(RECORDS SUPPLIED):
--------
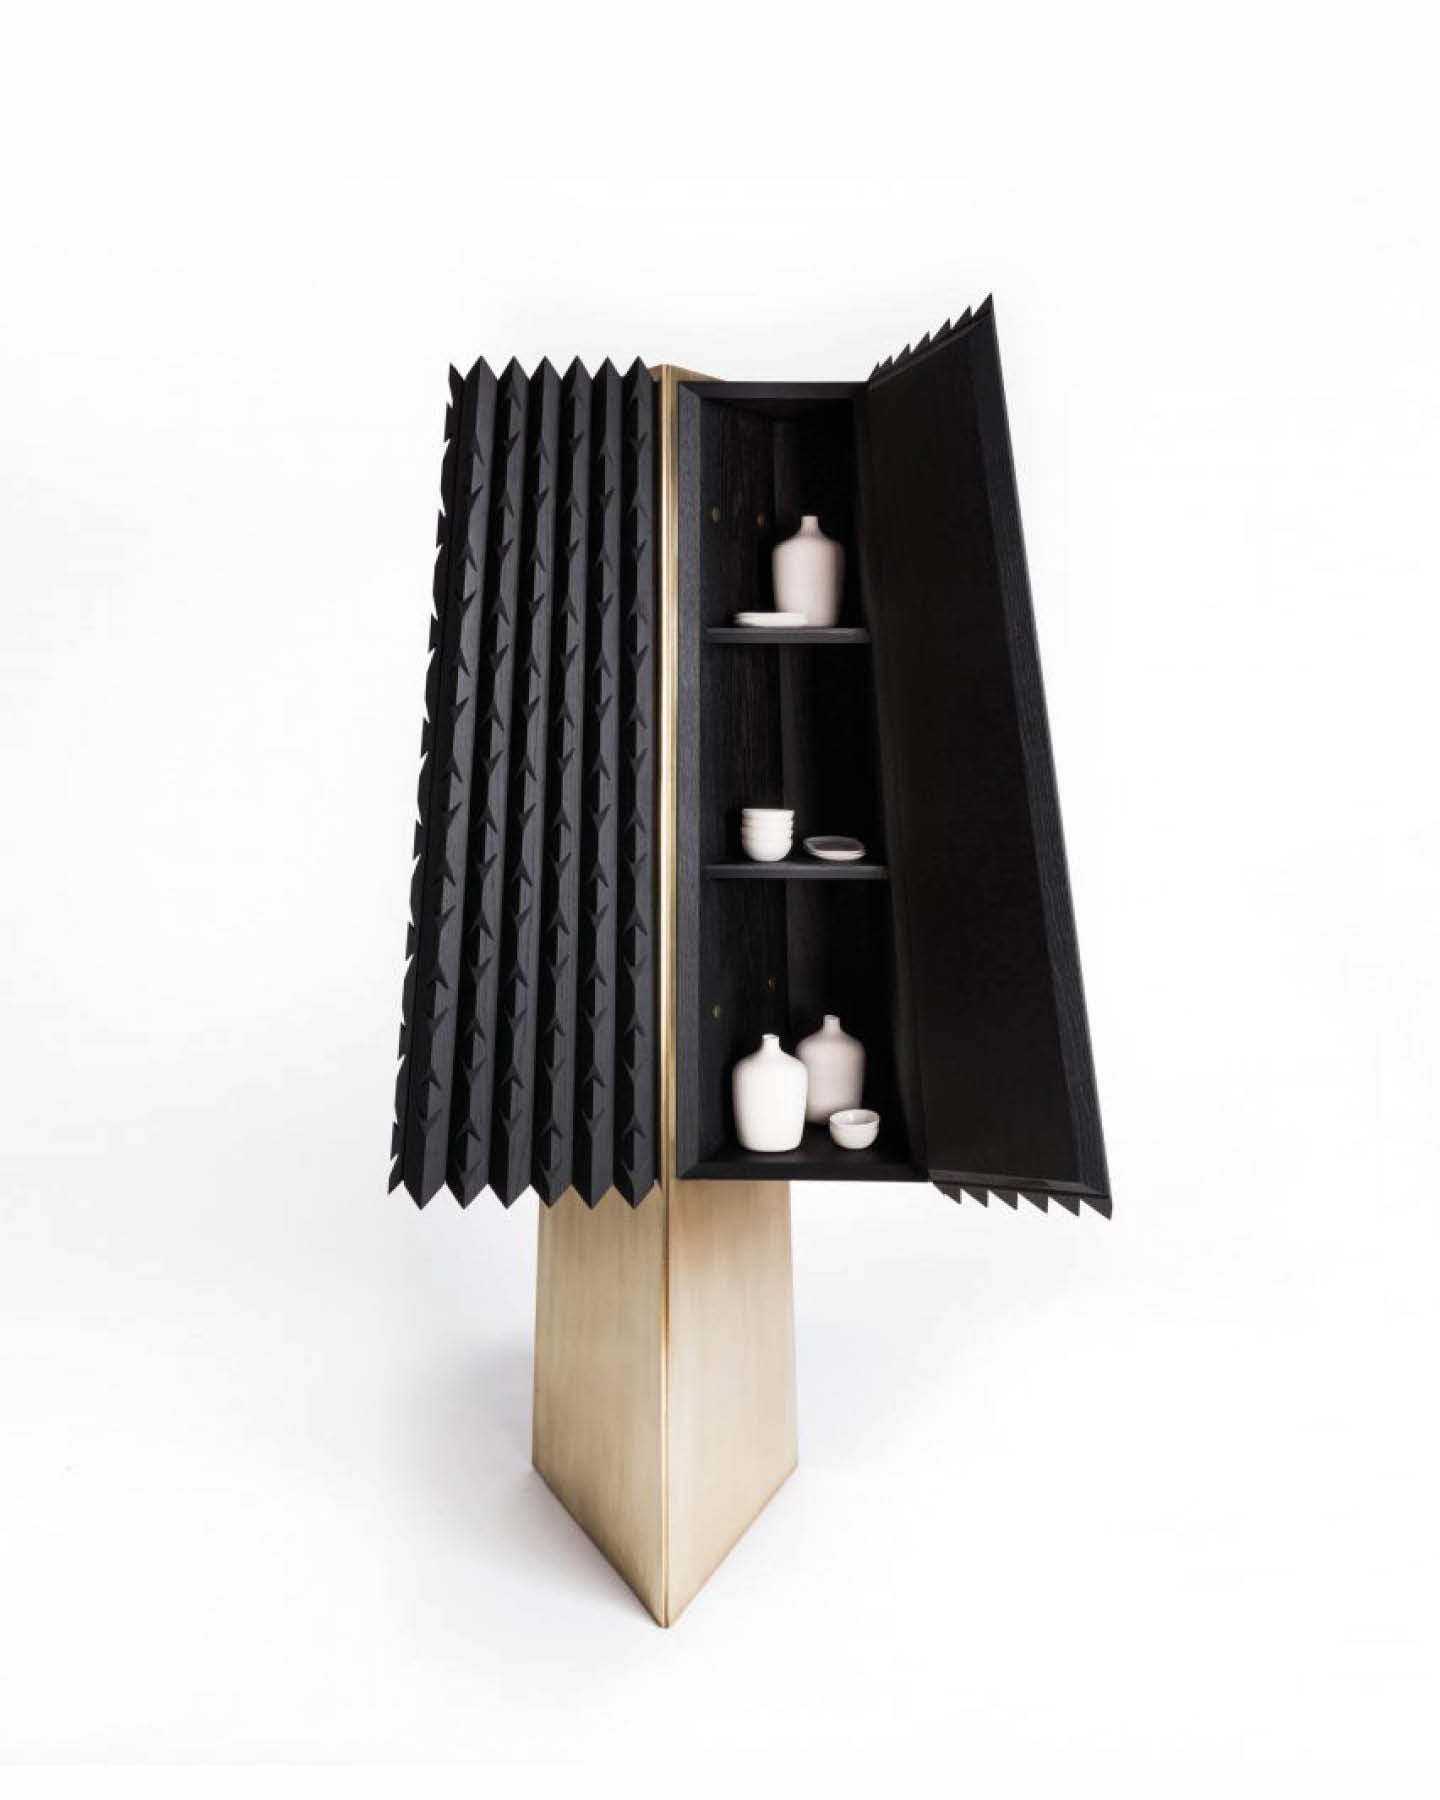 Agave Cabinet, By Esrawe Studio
--------
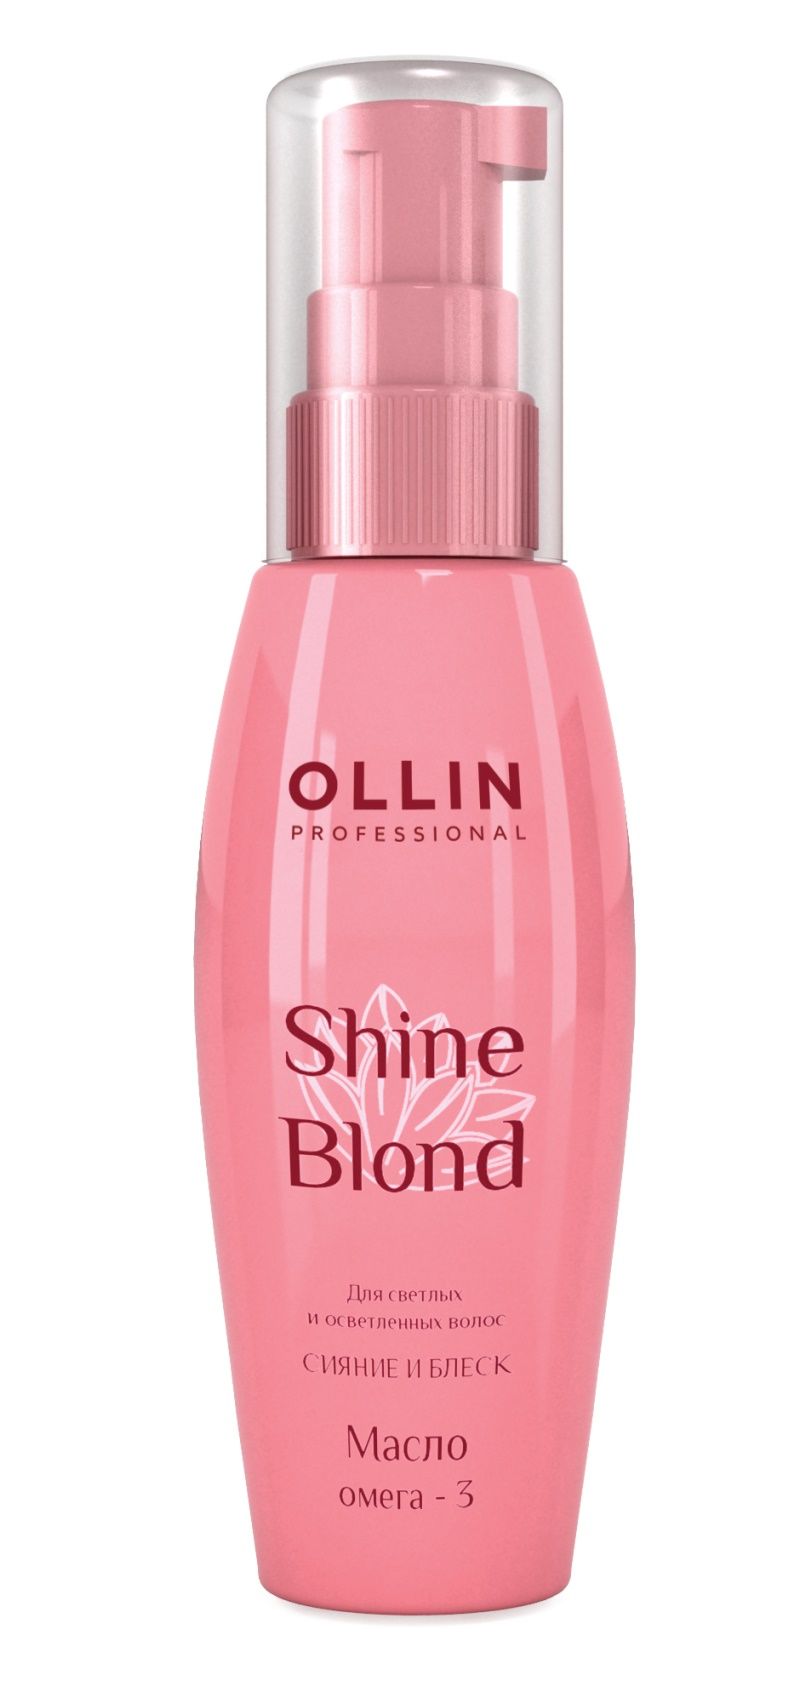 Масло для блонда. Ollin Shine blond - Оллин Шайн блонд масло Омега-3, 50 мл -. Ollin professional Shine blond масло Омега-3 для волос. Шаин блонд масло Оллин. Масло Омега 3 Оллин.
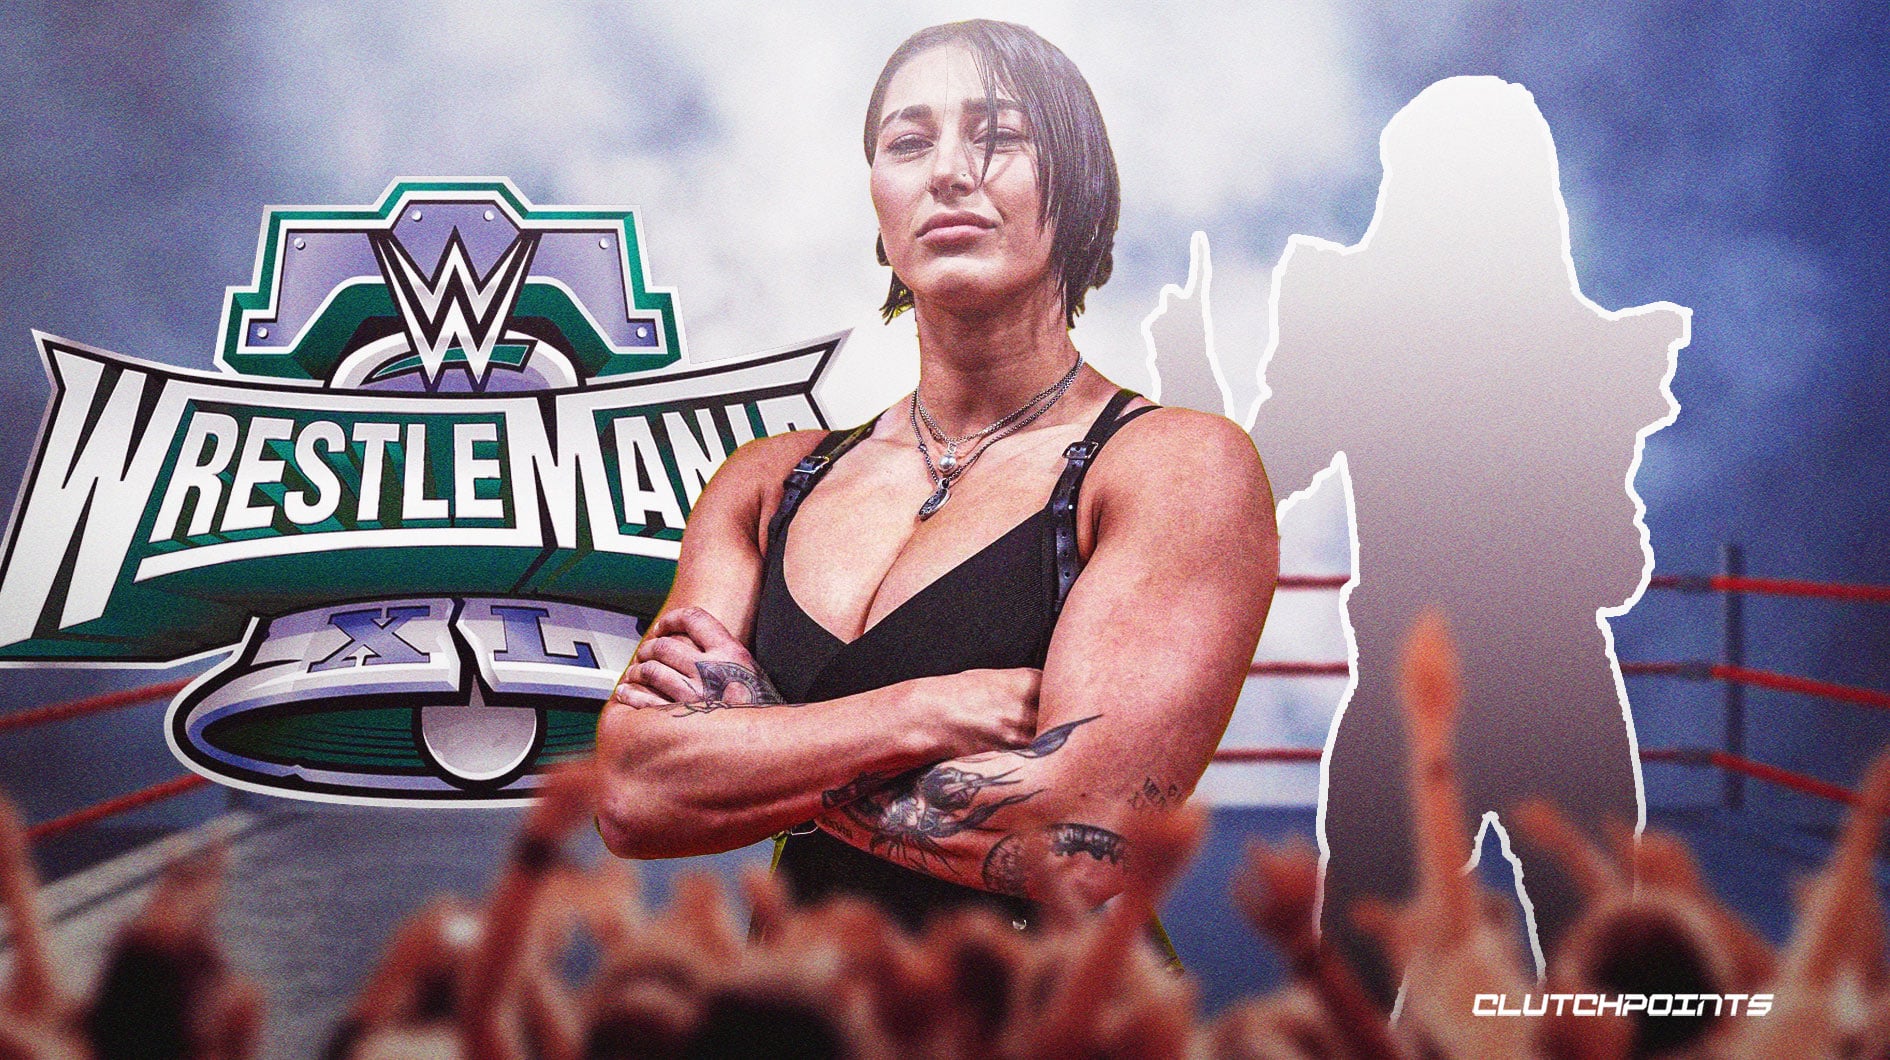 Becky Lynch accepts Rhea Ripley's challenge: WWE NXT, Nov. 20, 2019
--------
(TASK BRIEF):
Write out again exactly the lines above from the one with "Масло для блонда." through the one with "Becky Lynch accepts", adding no other lines and no pictures.

(RESULT BELOW):
 Масло для блонда. Ollin Shine blond - Оллин Шайн блонд масло Омега-3, 50 мл -. Ollin professional Shine blond масло Омега-3 для волос. Шаин блонд масло Оллин. Масло Омега 3 Оллин.
 Becky Lynch accepts Rhea Ripley's challenge: WWE NXT, Nov. 20, 2019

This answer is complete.